In 1906, Deutsch entered into a partnership with Wilbur Wright and Hart O. Berg to establish a company in France to supply a Wright aircraft to the French government. Deutsch financed the venture by buying the only block of shares to be sold in France, and used his influence with the French government. The effort fell through, however.

He supported Lazare Weiller, who bought the patents of the Wright brothers, and organized demonstration flights piloted by Wilbur Wright in Le Mans, which began on 8 August 1908. Deutsch de la Meurthe also invested in aircraft builders Société Astra (1909) and Nieuport (1911), and commissioned the construction of aircraft, including the Blériot XXIV Limousine and the Voisin Aero-Yacht.

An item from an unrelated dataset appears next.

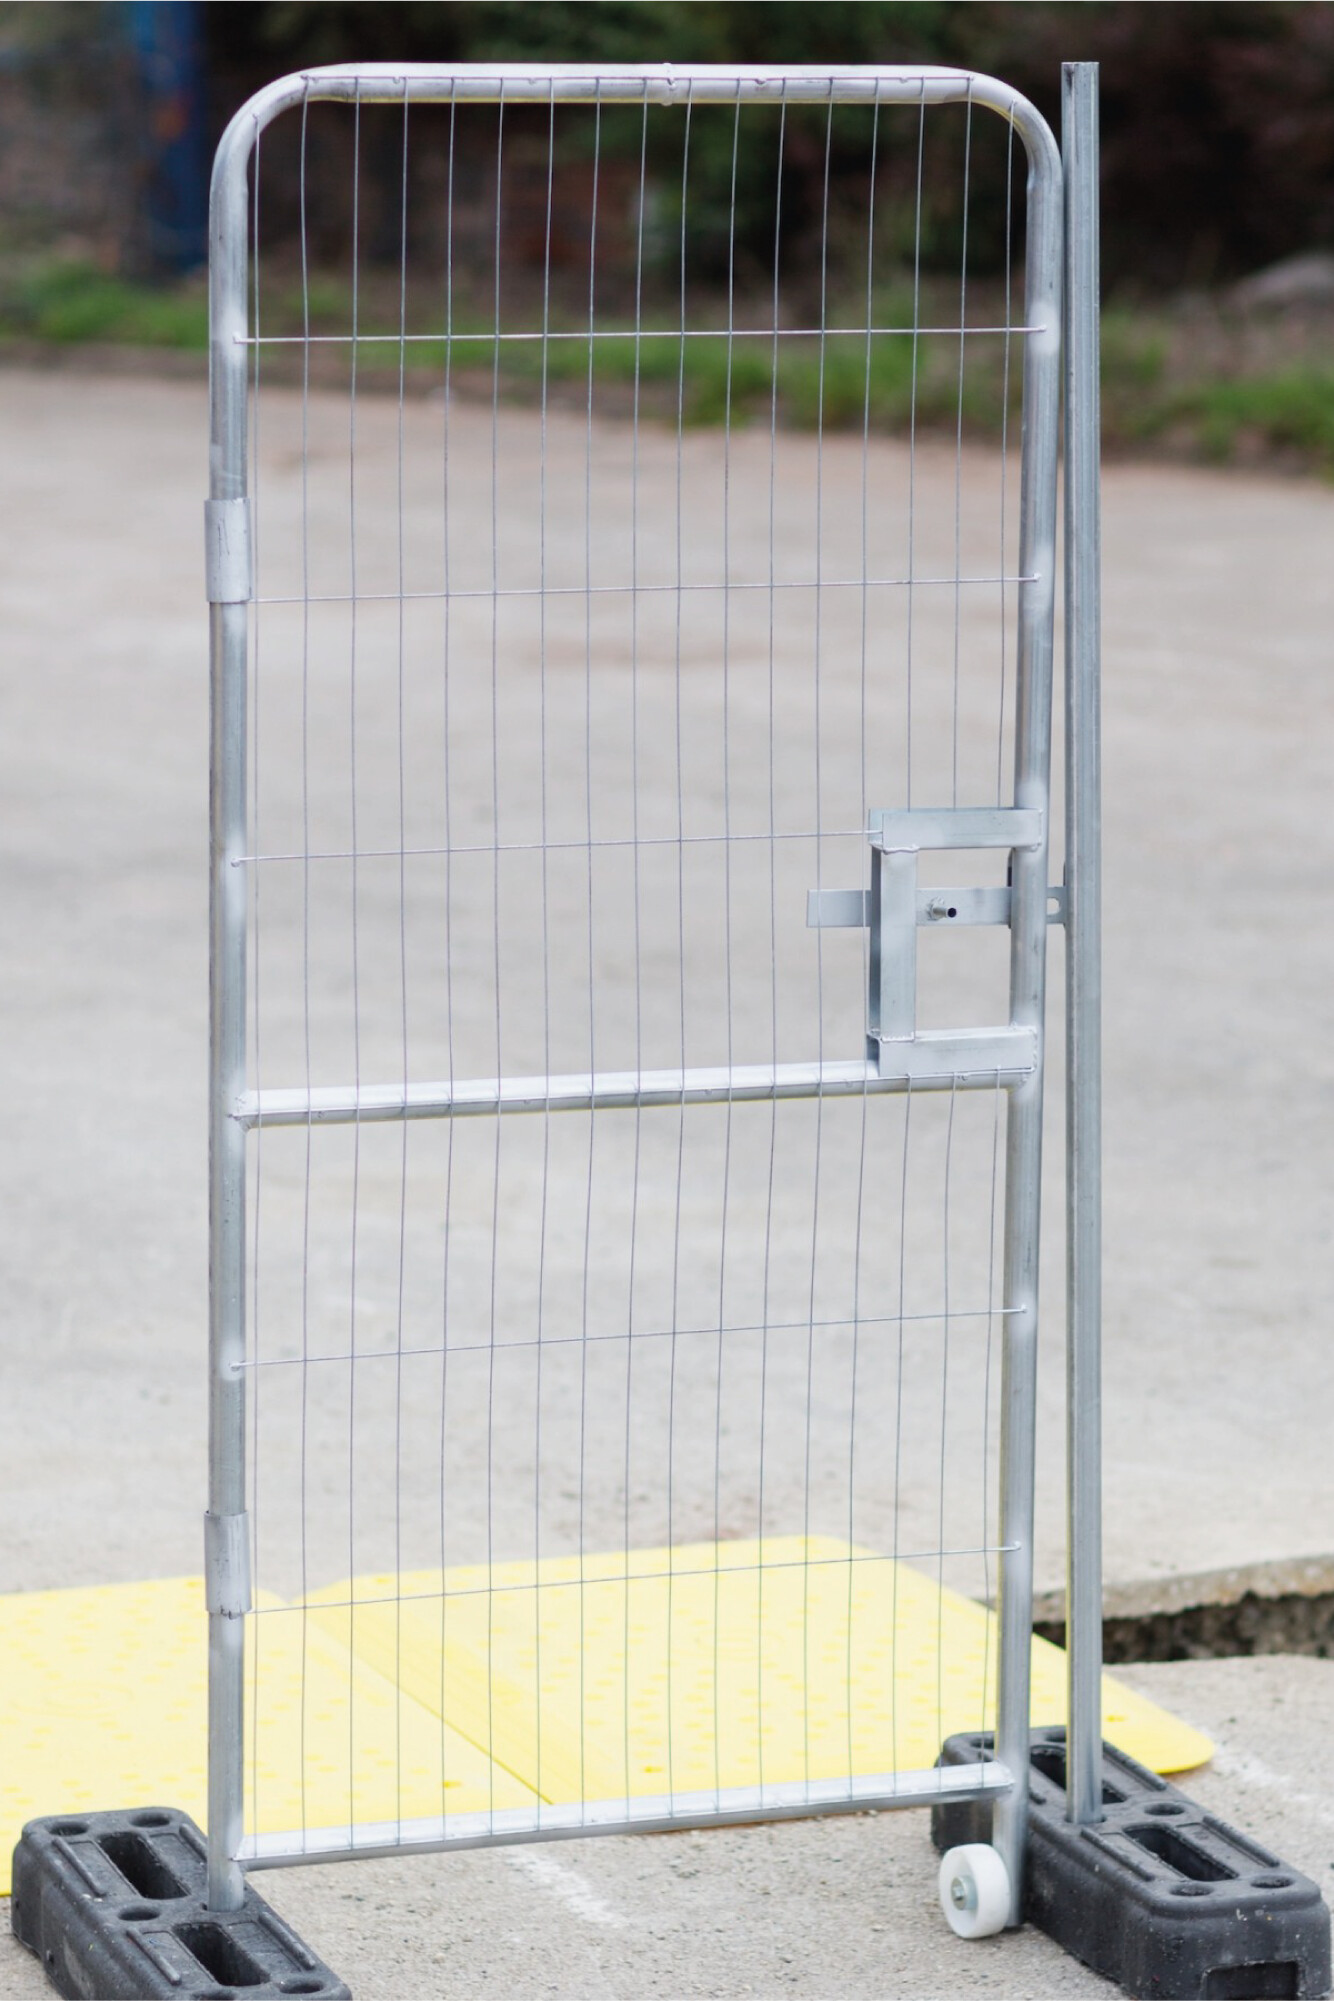 Mesh Pedestrian Gate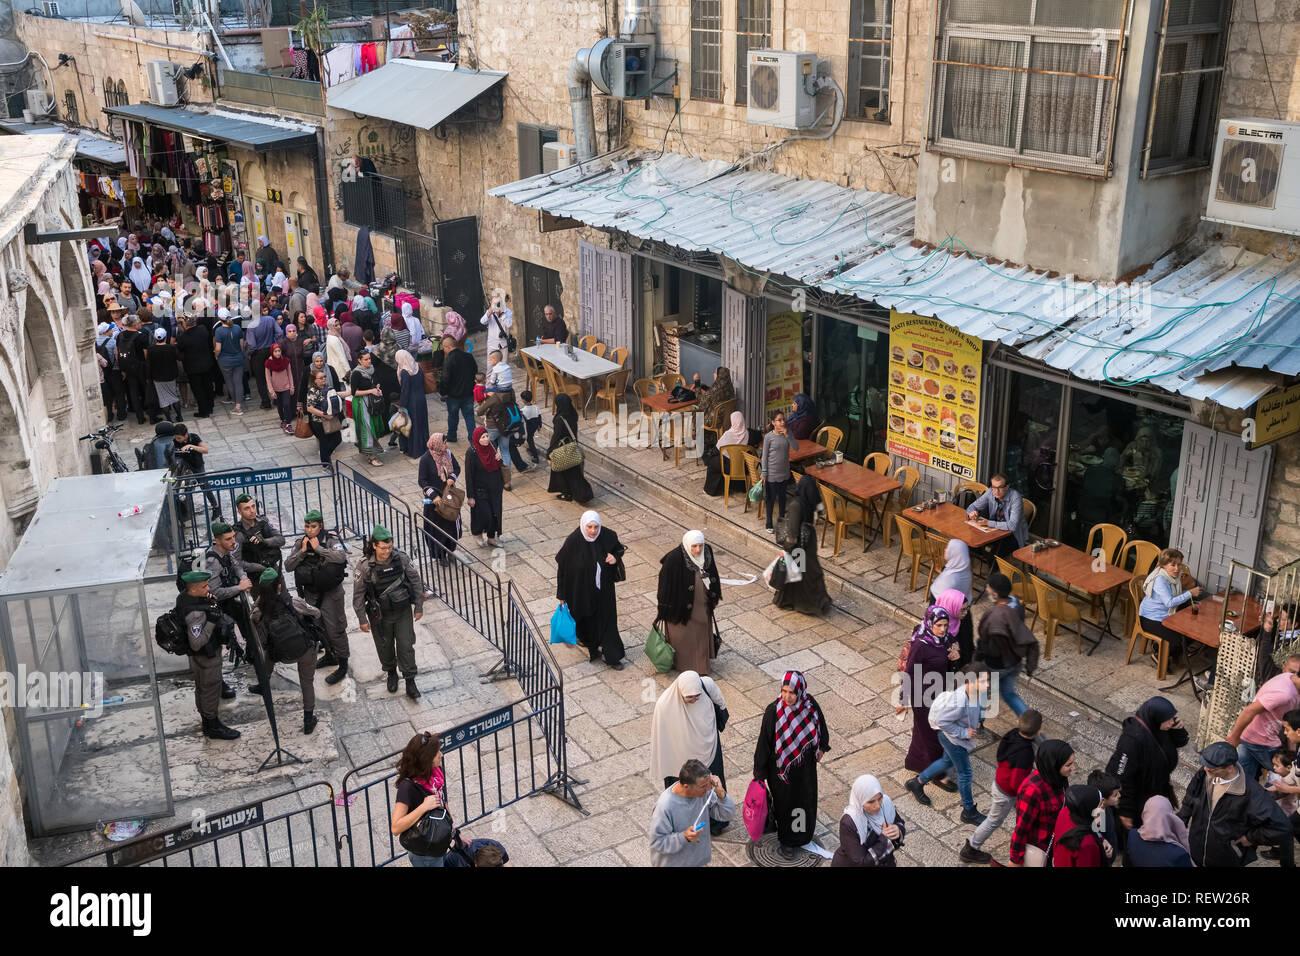 Jerusalem, Israel - November 20, 2018: Military checkpoint on touristy via Dolorosa street in Jerusalem, Israel. - Stock Image

At the end of May 1909, Henri Deutsch de la Meurthe offered the University of Paris a sum of 500,000 francs and an annual pension of 15,000 francs for the creation and maintenance of the Institut Aérotechnique at Saint-Cyr-l'École, which would continue the theoretical research and development of air transport aircraft. It was later integrated into the Conservatoire National des Arts et Métiers.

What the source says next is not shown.